The California High-Speed Rail Authority, ridiculed for its secrecy, mismanagement, conflicts of interest and crazy overspending — and for choosing as the California bullet train's first leg a “route to nowhere” between the dusty towns of Corcoran and Borden — has just approved a new leg that extends the troubled project south to Bakersfield.

If you shut your eyes you can pretend Bakersfield is an L.A. suburb, and that the $43 billion train is coming to the edge of an actual city, Los Angeles. Nothing against pretty Bakersfield.
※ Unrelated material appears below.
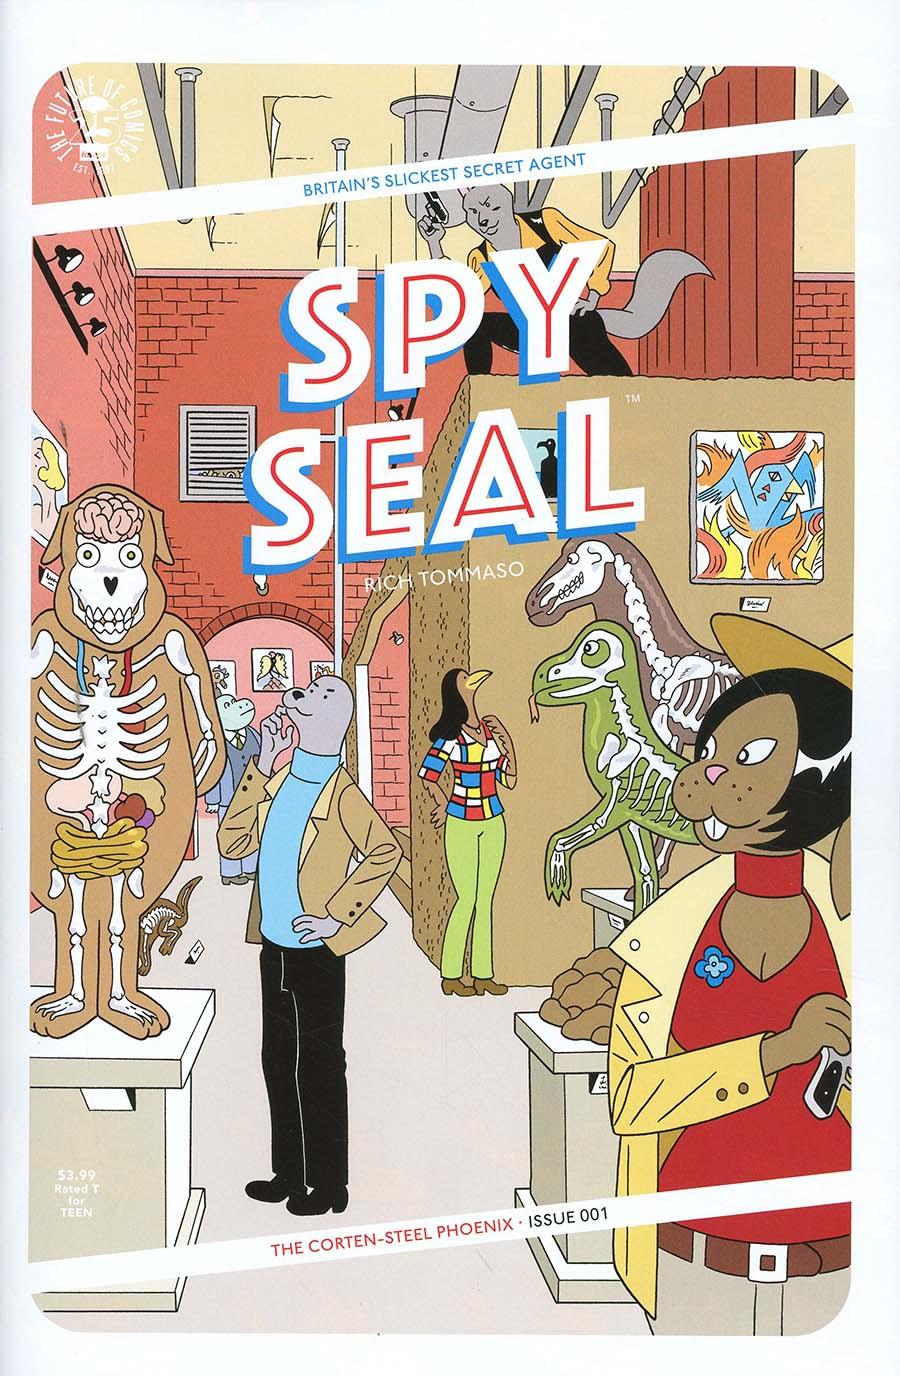 Spy Seal Vol. 1 #1

But chances the train will make it to L.A. seem increasingly iffy:

The feds insisted Bakersfield be added to the route, or the Obama Administration would withhold $616 million in federal money scooped up from Ohio and Wisconsin — states who rejected the federal cash and refused to build high-speed trains, citing uncontrollable costs that sap taxpayers' pocketbooks.
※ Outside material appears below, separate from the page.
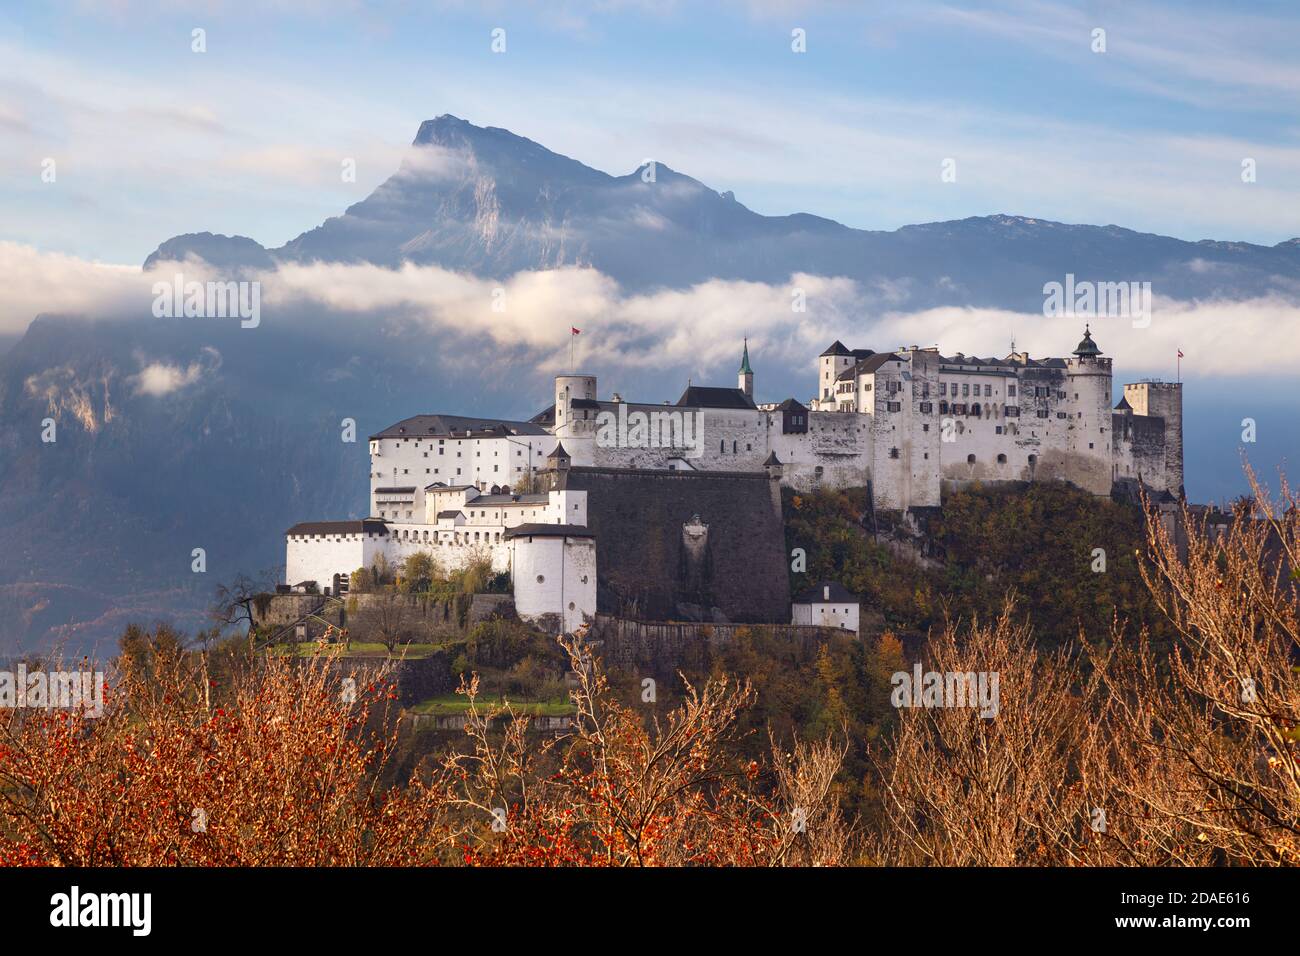 Festung Hohensalzburg. Bild der Festung Hohensalzburg mit Bergkette im Hintergrund in Salzburg, Österreich bei schönem Herbstaufgang Stockfoto

The rail authority's spokeswomen, Rachel Wall, told the Bakersfield Californian, “We cannot get to Los Angeles without going to Bakersfield.”
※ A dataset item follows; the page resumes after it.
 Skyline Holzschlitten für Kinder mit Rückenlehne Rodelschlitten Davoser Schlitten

But will this fantastically costly project ever happen, even with the big-time federal help promised by President Barack Obama?

An EIR set to be publicly released in January will be replete with route problems cited by farmers in Kern County, and other parts of California, who say the land-gobbling rail project will claim too much critical crop land.

The biggest bullet train story in 2011 is going to be the numerous and disparate opponents to the routes that are being chosen amidst too much secrecy and in-fighting on the Rail Authority's board.

If the farmers ever get together with the furious residents of Bay Area towns like Burlington and Palo Alto, where hundreds of people even protested the bullet train in the rain (an interesting way to gauge ferocity of beliefs in California), the California high-speed rail project could be in serious trouble.